Multiple endocrine neoplasia 1 (MEN 1) is an autosomal dominant disease presenting as hyperplasia and neoplasia of parathyroid, pituitary and enteropancreatic tissues. Over 90% of gene carriers develop phenotypic disease by age 30 years, potentially with onset of asymptomatic disease during childhood and adolescence.
To describe the paediatric and young adult manifestations of MEN 1.
Descriptive retrospective study of 180 patients with a common MEN1 genotype.

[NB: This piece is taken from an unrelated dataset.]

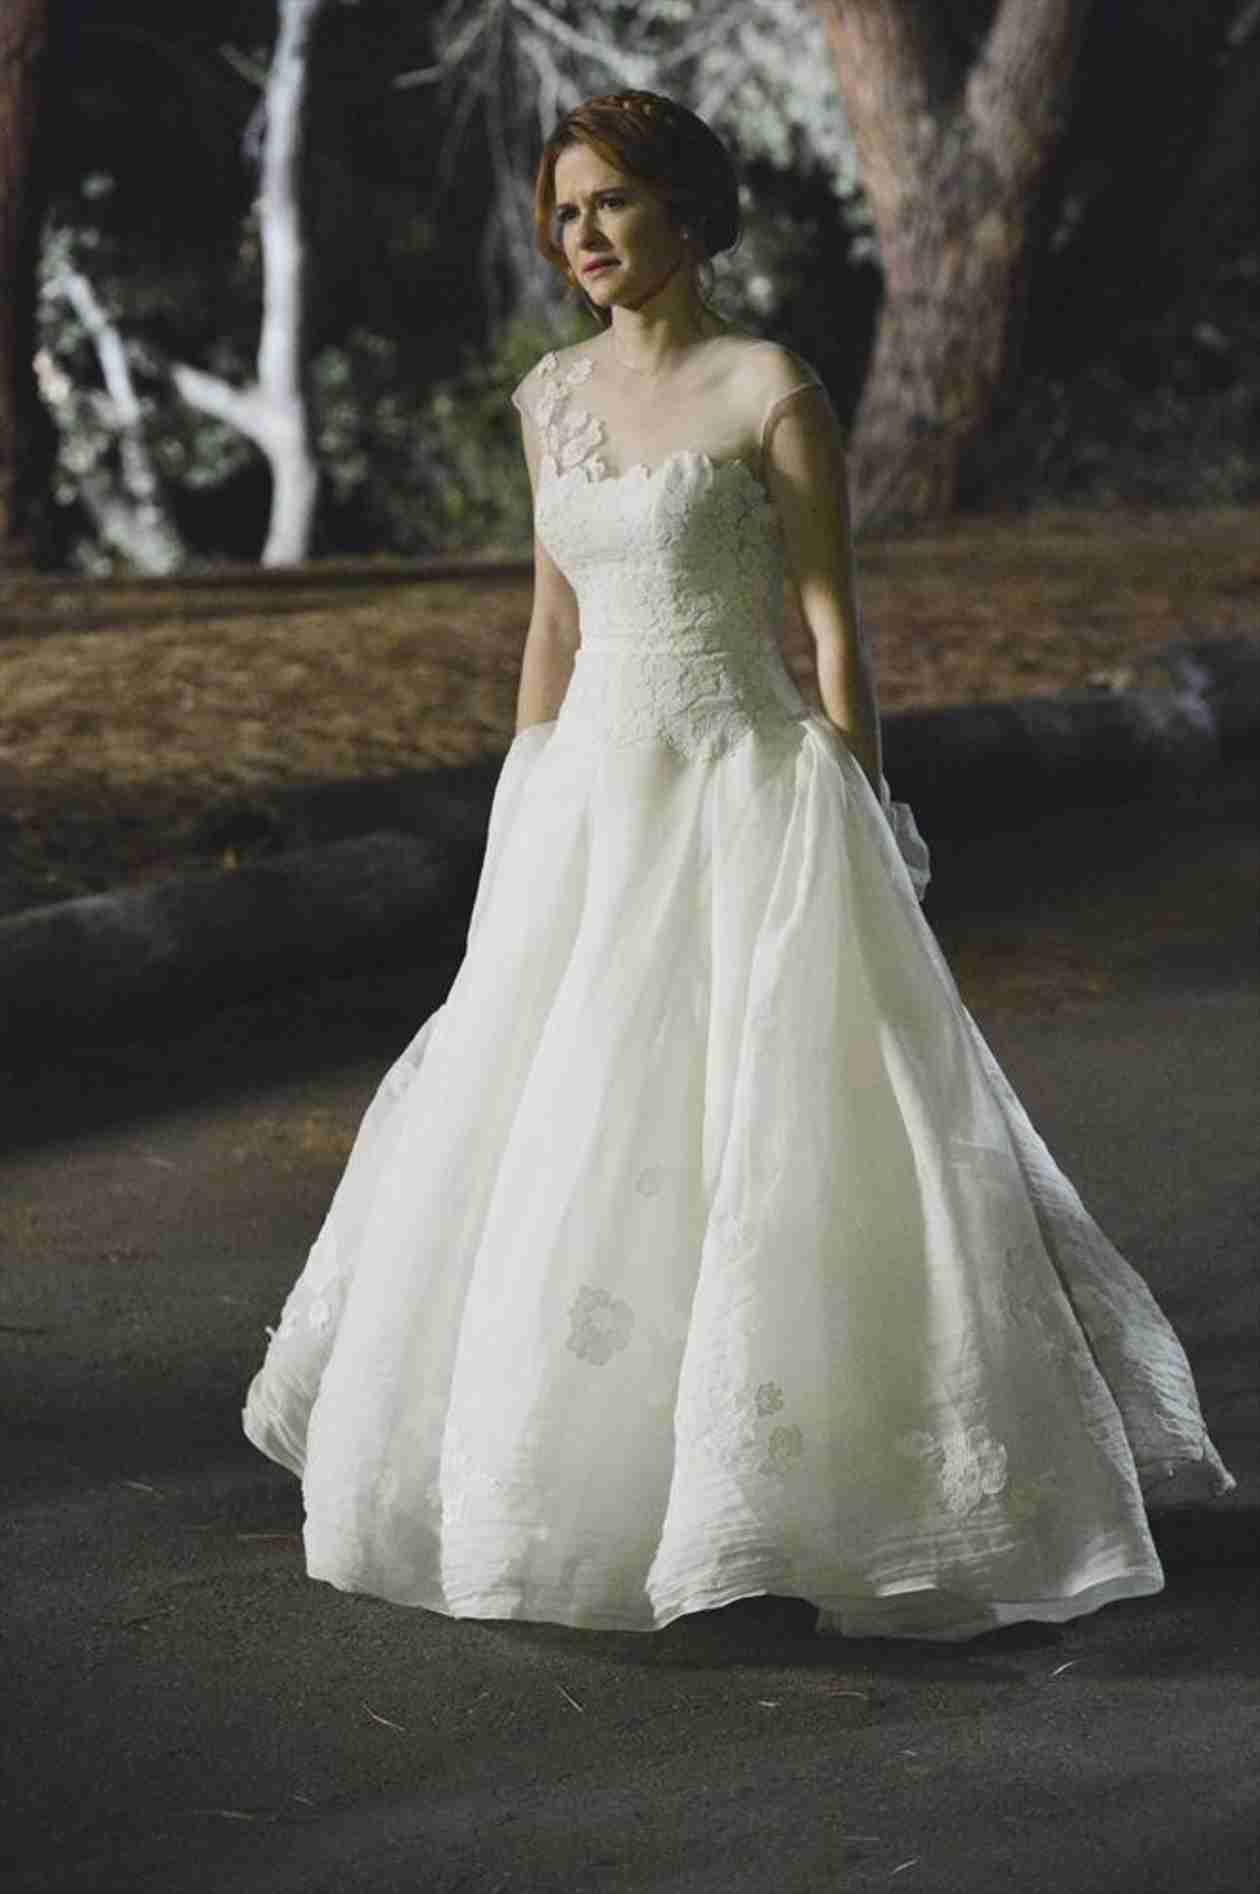 Grey 39 s anatomy the jackson and april wedding photo album for Bridesmaid dresses for april wedding

The paediatric and young adult (age <22 years) manifestations were determined using hospital records and disease surveillance data.
Primary hyperparathyroidism (PHPT) was identified in 42 patients (mean age 17.2 ± 3.3 years). Parathyroidectomy was performed in 16 (38.1%; mean age 17.8 ± 3.2). Four patients experienced recurrent PHPT (25%), and six (37.5%) developed permanent hypoparathyroidism. Pituitary disease was identified in 13 patients. Prolactinoma was found in nine patients (mean age 16.6 ± 2.6 years) of whom four (44.4%) had macroprolactinoma. Two patients required surgical intervention; dopamine agonists showed efficacy in six patients. Two patients with Cushing's disease were successfully treated surgically. Three patients with nonfunctioning pituitary microadenoma managed conservatively. Pancreatic neuroendocrine neoplasms (pNENs) were diagnosed in 12 patients (mean age 17.0 ± 2.6 years): three patients with insulinoma successfully resected (two resected and one exhibiting perineural invasion) and nine patients with nonfunctioning adenomas (NFAs).
Pituitary adenomas, PHPT and pNENs are encountered in the paediatric and young adult MEN 1 population. Successful outcomes are typically achieved using standard medical and surgical paradigms; however, parathyroidectomy was associated with a substantial complication rate.
多发性内分泌腺瘤 1 型(MEN1)是一种常染色体显性疾病,表现为甲状旁腺、垂体和肠胰腺组织的增生和肿瘤。超过 90%的基因携带者在 30 岁之前会出现表型疾病,儿童和青少年时期可能会出现无症状疾病。
描述 MEN1 的儿科和青年表现。
对 180 例具有常见 MEN1 基因型的患者进行描述性回顾性研究。使用医院记录和疾病监测数据确定儿科和青年(年龄<22 岁)表现。
42 例患者(平均年龄 17.2±3.3 岁)被诊断为原发性甲状旁腺功能亢进症(PHPT)。16 例患者(38.1%;平均年龄 17.8±3.2 岁)接受了甲状旁腺切除术。4 例患者发生复发性 PHPT(25%),6 例(37.5%)发生永久性甲状旁腺功能减退症。13 例患者发现垂体疾病。9 例患者(平均年龄 16.6±2.6 岁)被诊断为催乳素瘤,其中 4 例(44.4%)为大催乳素瘤。2 例患者需要手术干预;多巴胺激动剂在 6 例患者中显示出疗效。2 例库欣病患者手术治疗成功。3 例无功能性垂体微腺瘤患者保守治疗。12 例患者(平均年龄 17.0±2.6 岁)被诊断为胰腺神经内分泌肿瘤(pNENs):3 例胰岛素瘤患者成功切除(2 例切除,1 例有神经周围侵犯),9 例无功能性腺瘤(NFAs)。
在儿科和青年 MEN1 人群中会遇到垂体腺瘤、PHPT 和 pNENs。通常使用标准的医学和手术方法可以取得良好的治疗效果;然而,甲状旁腺切除术与相当高的并发症发生率相关。